09/17/2024 | Press release | Distributed by Public on 09/17/2024 11:40
Tuesday, September 17, 2024
Media Contact: Lindsay Aveilhé | Gardiner Gallery of Art Director | 405-744-6016 | [email protected]
The latest exhibition at Oklahoma State University's Gardiner Gallery of Art opens Sept. 18, featuring Osage, Muscogee and Cherokee artist Yatika Fields.
Celebrated for his distinctive contributions to contemporary Native American art, Fields' innovative painting, sculpture and public art reflect a deep connection to his heritage and his commitment to using art as a means of social commentary and change.
Along with a new site-specific iteration of Fields' "Tent Metaphor" sculpture series, the exhibition highlights Fields' ongoing connection with Stillwater and the OSU Department of Art, Graphic Design and Art History. The show includes a selection of Fields' landscape travel paintings inspired by his time at OSU, along with other materials related to his mural projects - two of which can be seen in Stillwater.
"I began doing the landscape paintings after a study abroad trip with now-retired painting professor Marty Avrett as part of OSU's Sienna, Italy, summer program," Fields said. "I have continued doing these in my travels around the world ever since.
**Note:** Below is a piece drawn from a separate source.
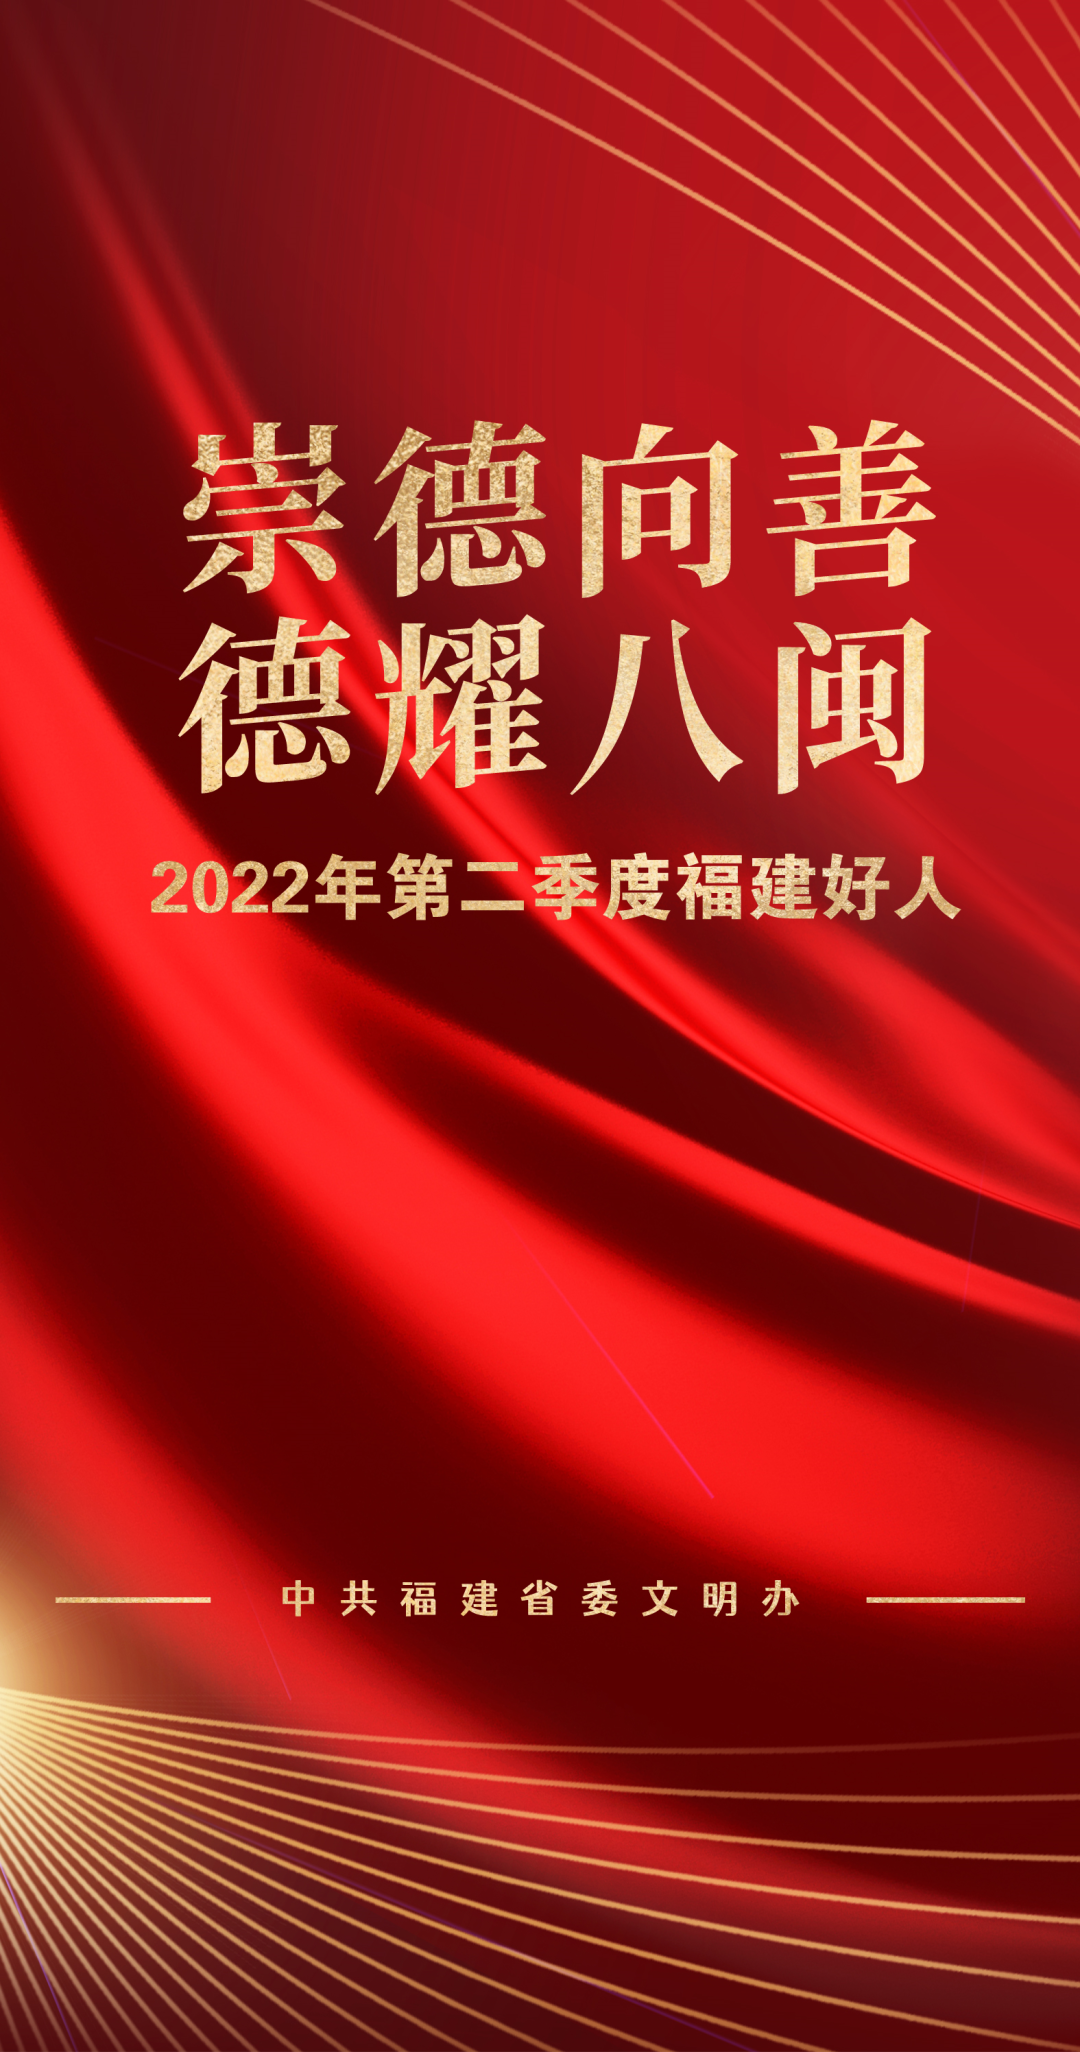 2022年第二季度“福建好人”莫良明(图7)

It is wonderful to be showing these for the first time at the Gardiner."
The Gardiner Gallery will also serve as a dynamic studio space, where Fields will create a new painting over a two-day period. The new work will join a series of his paintings dating back to 2010, giving a comprehensive look at Fields' artistic practice.
"This exhibition provides a unique opportunity for students and the community to engage directly with an acclaimed artist and to explore the impact of art as a tool for activism and positive change," said Lindsay Aveilhé, Gardiner Gallery of Art director and the exhibition's curator.
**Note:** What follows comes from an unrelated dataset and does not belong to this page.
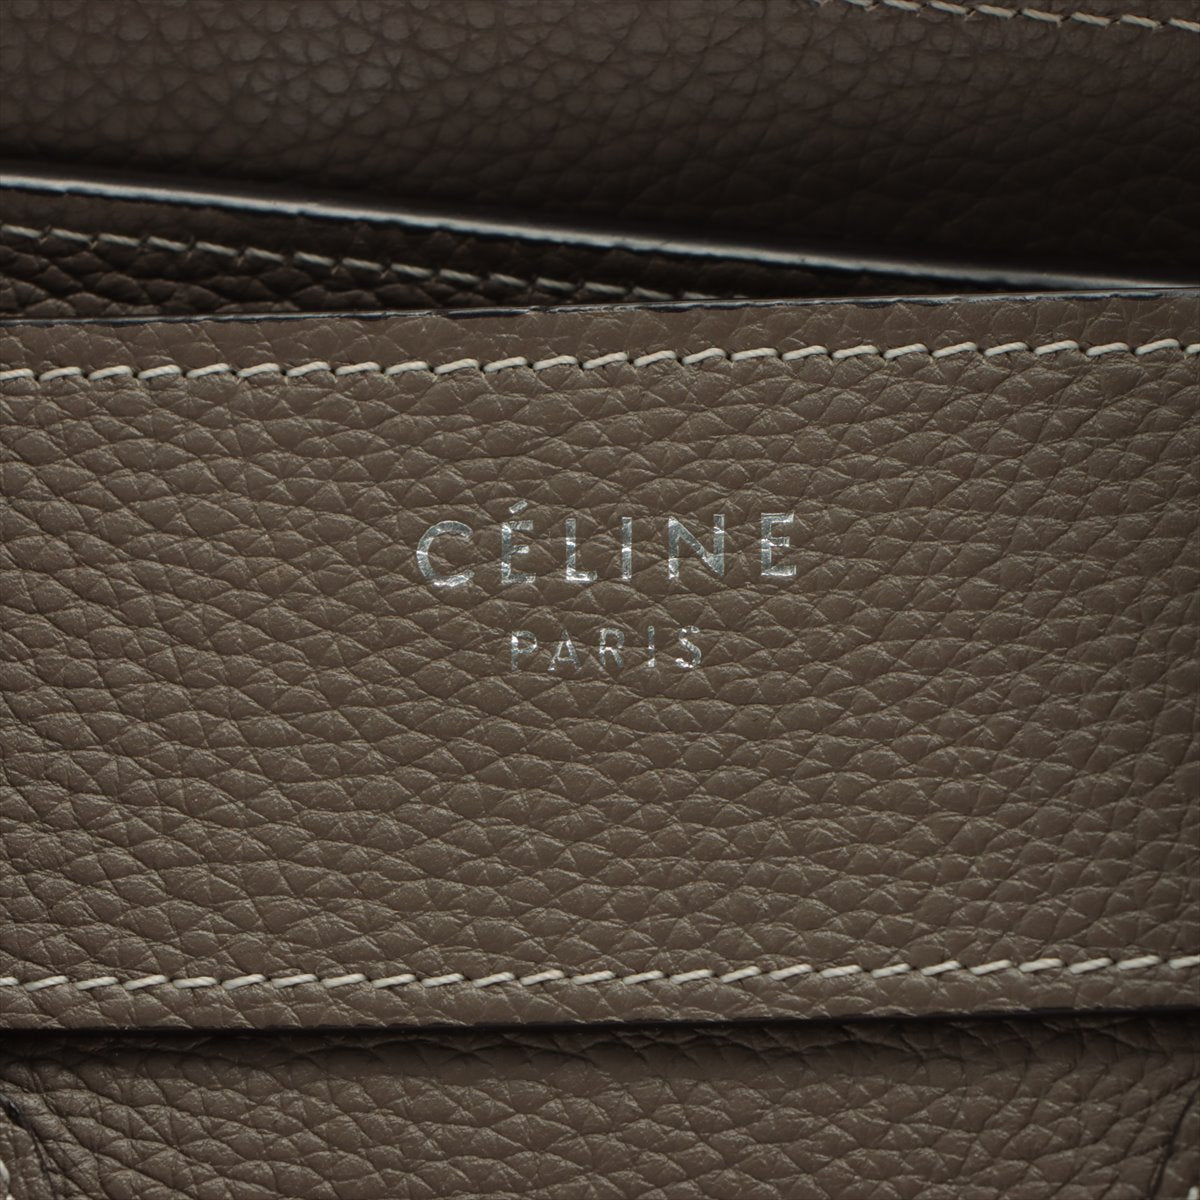 Celine Luggage Micro  Leather Handbag Gr Lagoon

A public reception will be held from 3 to 6 p.m. on Saturday, Sept. 28. The event will feature a discussion between Fields and Tahnee Ahtone, curator of Native American art at the Nelson-Atkins Museum of Art, along with a tabling event for organizations and student groups connected to Fields' artistic practice.
The Yatika Fields exhibition will be on view through Friday, Oct. 25. The Gardiner Gallery of Art, housed in the Bartlett Center on OSU's Stillwater campus, is free and open to the public Monday through Friday, 8 a.m. to 5 p.m.
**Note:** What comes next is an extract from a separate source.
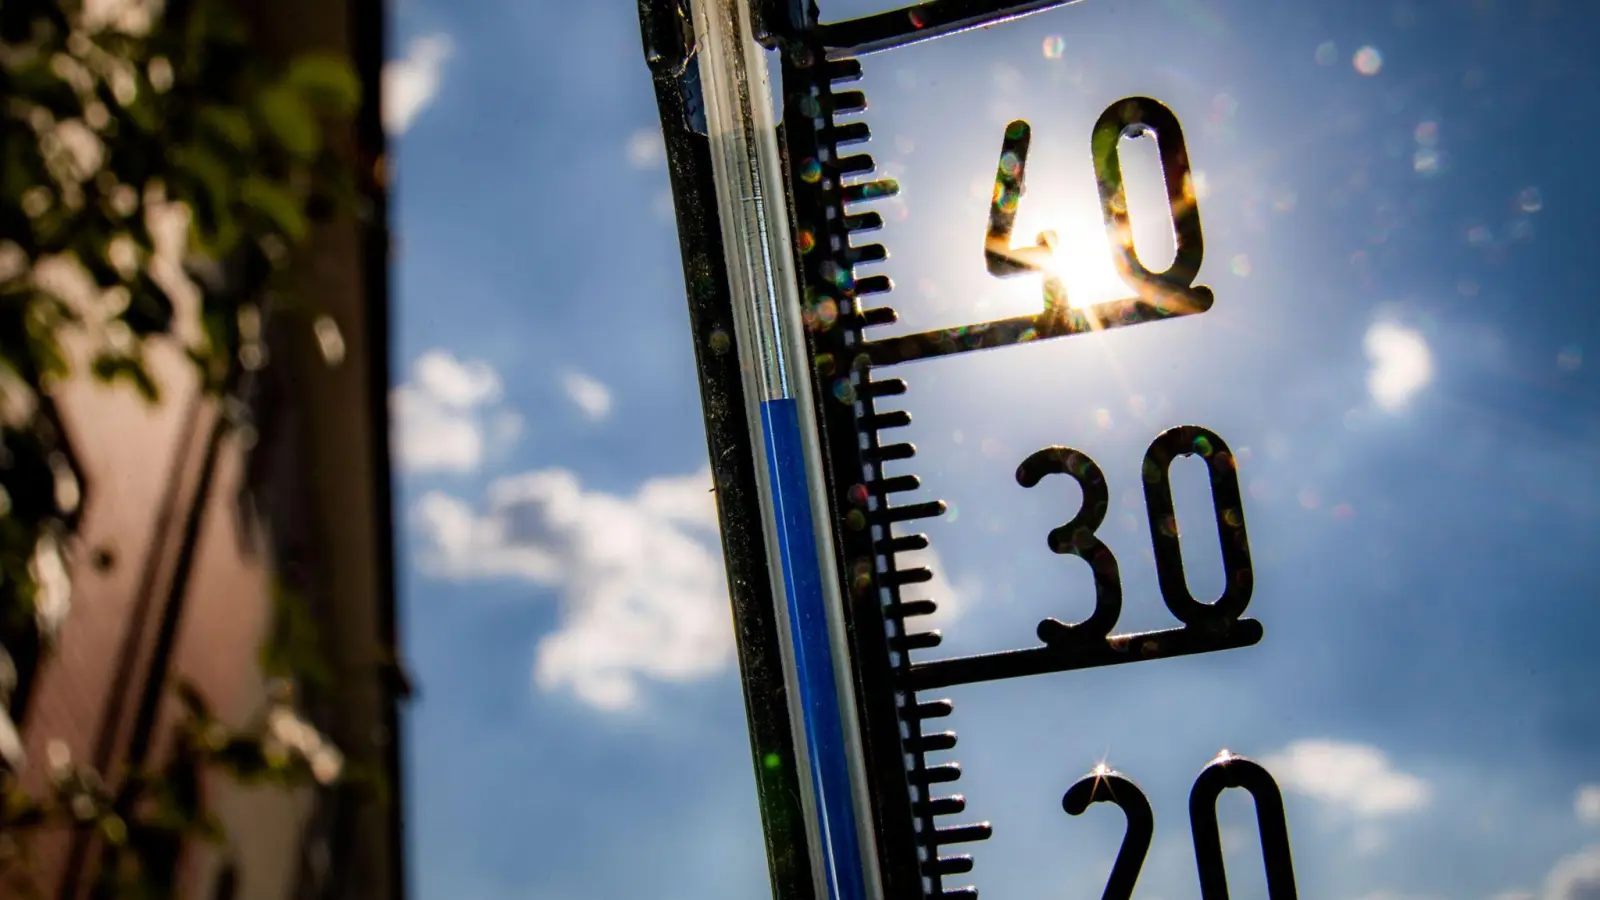 Hohe Sommertemperaturen haben einer Studie zufolge in den Jahren 2018 bis 2020 jeweils zu Tausenden hitzebedingter Sterbefälle in Deutschland geführt. (Foto: Frank Rumpenhorst/dpa)

Born in 1980 in Tulsa, Yatika Starr Fields is a member of the Cherokee, Mvskoke (Creek) and Osage Nations. Fields studied landscape painting at Oklahoma State University's Sienna, Italy, summer program before enrolling at the Art Institute of Boston from 2001 to 2004. While living on the East Coast, Fields developed a keen interest in street art. His dynamic, vibrant graffiti works quickly attracted attention, generating public and private mural commissions in Portland, Oregon; Oklahoma City; Phoenix; Santa Fe, New Mexico; Bentonville and Siloam Springs, Arkansas; and Urique, Chihuahua, Mexico.
Fields has participated in more than 40 solo and group exhibitions at venues across the United States and Europe, including the Southern Plains Indian Museum (2008, Anadarko, Oklahoma); Chiaroscuro Contemporary (2008, 2009, 2010, 2011, 2012, 2013, 2014, Santa Fe); BlueRain Gallery (2015, 2016, 2018, Santa Fe); Peabody Essex Museum, (2015-2016, Salem, Massachusetts); Rainmaker Gallery (2017, Bristol, United Kingdom); the Grand Palais (2018, Paris); Philbrook Museum of Art (2018, Tulsa); Crystal Bridges Museum of American Art (Bentonville, 2019); and the Gilcrease Museum, (2019, Tulsa).
Fields's paintings are featured in private collections and the collections of museums across the country, including Heard Museum (Phoenix); Hood Museum (Dartmouth College); Oklahoma State Museum of Art; Peabody Essex Museum; and Sam Noble Museum (University of Oklahoma, Norman).